Real median household income fell from $78,250 in 2019 to $76,660 in 2020 (all under Trump), then edged down to $76,330 in 2021 (mostly under Biden) and fell more substantially to $74,580 in 2022 (all under Biden). Figures for 2023 and 2024-to-date are not available.

From CNN’s Daniel Dale

Claim: Attacking President Joe Biden’s handling of the economy, the Republican National Convention featured a video in which a narrator said, “America has reached the highest inflation in 40 years.”

Get the Facts: This claim is two years out of date. The year-over-year inflation rate in June 2022, about 9.1%, was indeed the highest since late 1981, between 40 and 41 years prior. But inflation has declined sharply since that Biden-era peak, and the most recent available rate, for June 2024, was about 3.0% – a rate that, the Biden presidency aside, was exceeded as recently as 2011.

From CNN’s Daniel Dale

Claim: A video played at the Republican National Convention featured a narrator making the claim that former President Donald Trump “gave us the largest tax cuts in history.”

Get the Facts: This is false. Analyses have found that Trump’s 2017 Tax Cuts and Jobs Act was not the largest in history, either in percentage of gross domestic product or inflation-adjusted dollars.

The act made numerous permanent and temporary changes to the tax code, including reducing both corporate and individual income tax rates.

In a report released in June, the federal government’s nonpartisan Congressional Budget Office looked at the size of past tax cuts enacted between 1981 and 2023. It found that two other tax cut bills have been bigger – former President Ronald Reagan’s 1981 package and legislation signed by former President Barack Obama that extended earlier tax cuts enacted during former President George W. Bush’s administration.

The CBO measured the sizes of tax cuts by looking at the revenue effects of the bills as a percentage of gross domestic product – in other words, how much federal revenue the bill cuts as a portion of the economy – over five years. Reagan’s 1981 tax cut and Obama’s 2012 tax cut extension were 3.5% and 1.7% of GDP, respectively.

Trump’s 2017 tax cut, by contrast, was estimated to be about 1% of GDP.

The Committee for a Responsible Federal Budget, a nonprofit, found in 2017 that the framework for the Trump tax cuts would be the fourth largest since 1940 in inflation-adjusted dollars and the eighth largest since 1918 as a percentage of gross domestic product.

From CNN’s Tami Luhby

Trump makes false claims about election fraud in RNC video

Claim: President Donald Trump, in a video, urged Republicans to use “every appropriate tool available to beat the Democrats,” including voting by mail. Trump relentlessly disparaged mail-in voting during the 2020 election, falsely claiming it was rife with fraud, and he has continued to sharply criticize it during the current campaign

But Trump’s comments in the convention video also included some of his regular false claims about elections. After claiming he would “once and for all secure our elections” as president, Trump again insinuated the 2020 election was not secure, saying, “We never want what happened in 2020 to happen again.”
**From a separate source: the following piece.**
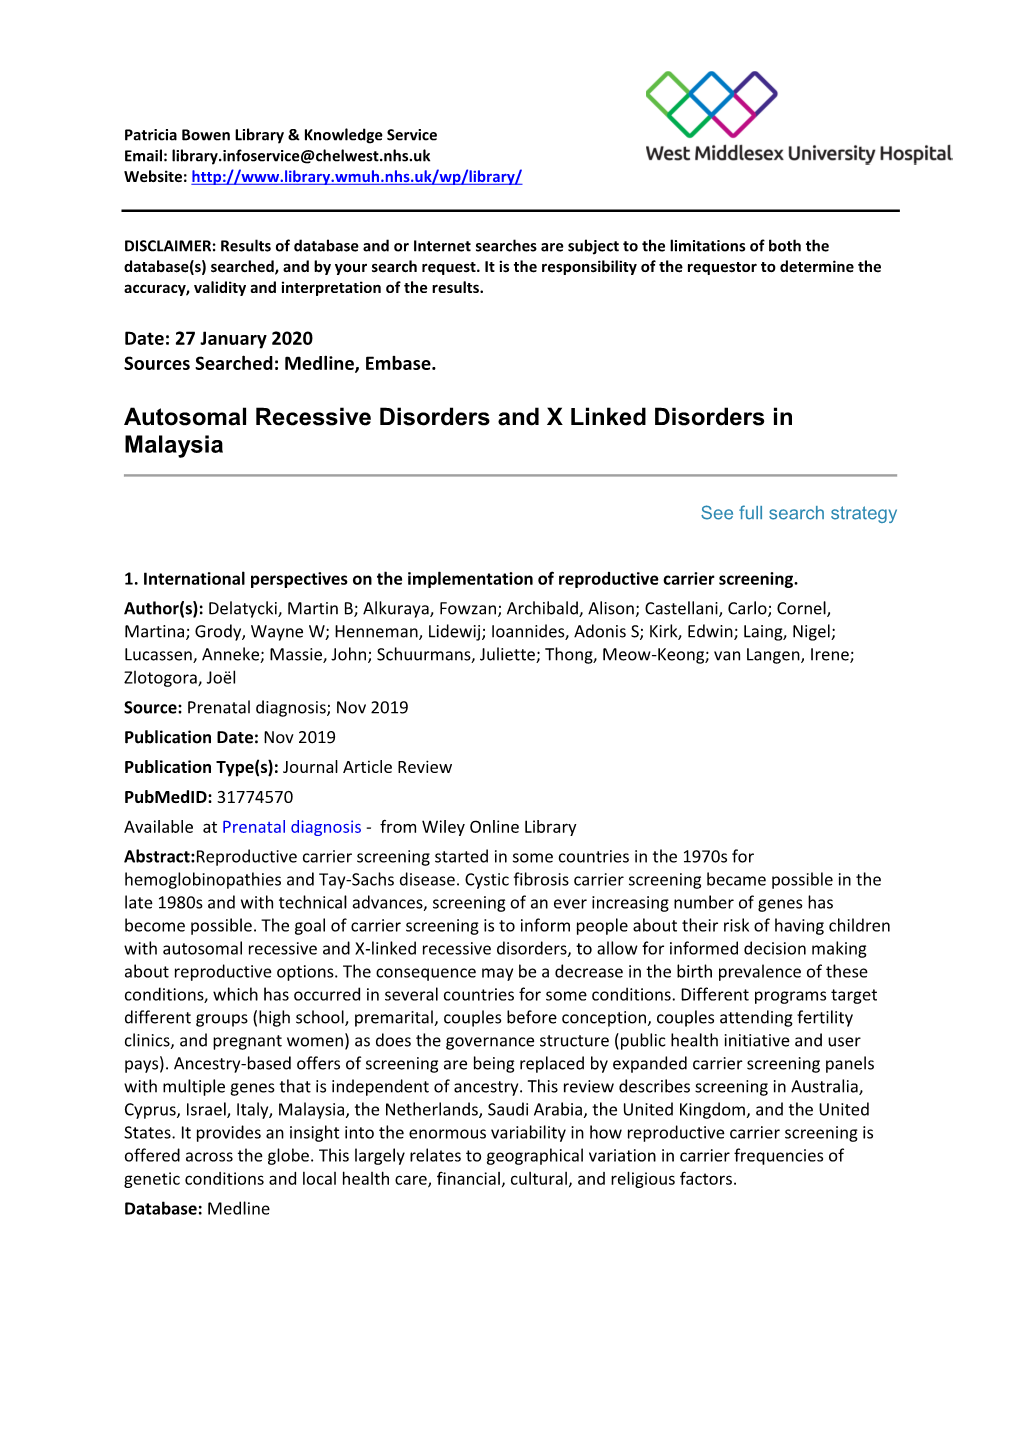 Autosomal Recessive Disorders and X Linked Disorders in Malaysia

And he said, “Keep your eyes open, because these people want to cheat and they do cheat, and frankly, it’s the only thing they do well.”
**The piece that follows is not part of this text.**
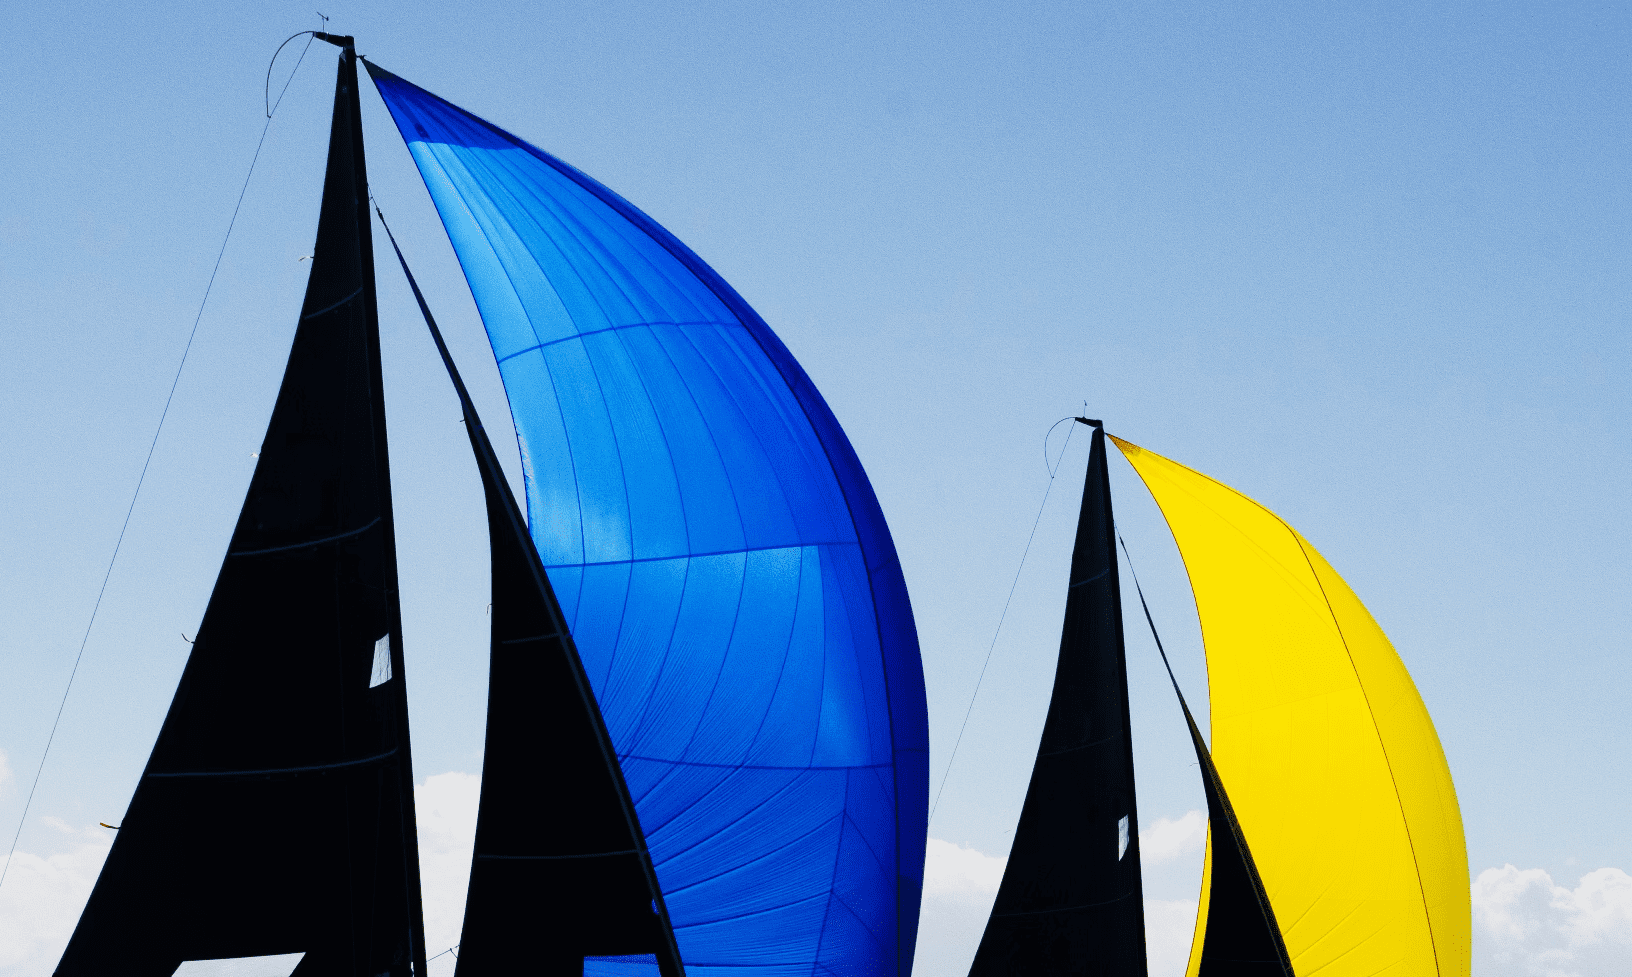 Photos of blue and yellow spinnaker sailboats

Get the Facts: Trump’s claims are false slightly vaguer versions of his usual statements that the 2020 election was rigged and stolen and that Democrats are serial election cheaters. The 2020 election was highly secure; Trump lost fair and square to Joe Biden by an Electoral College margin of 306 to 232; there is no evidence of voter fraud even close to widespread enough to have changed the outcome in any state; and there is no basis for claiming that election cheating is the only thing at which Trump’s opponents excel.

The Trump administration’s Cybersecurity and Infrastructure Security Agency, part of the Department of Homeland Security, said in a post-election November 2020 statement: “The November 3rd election was the most secure in American history.”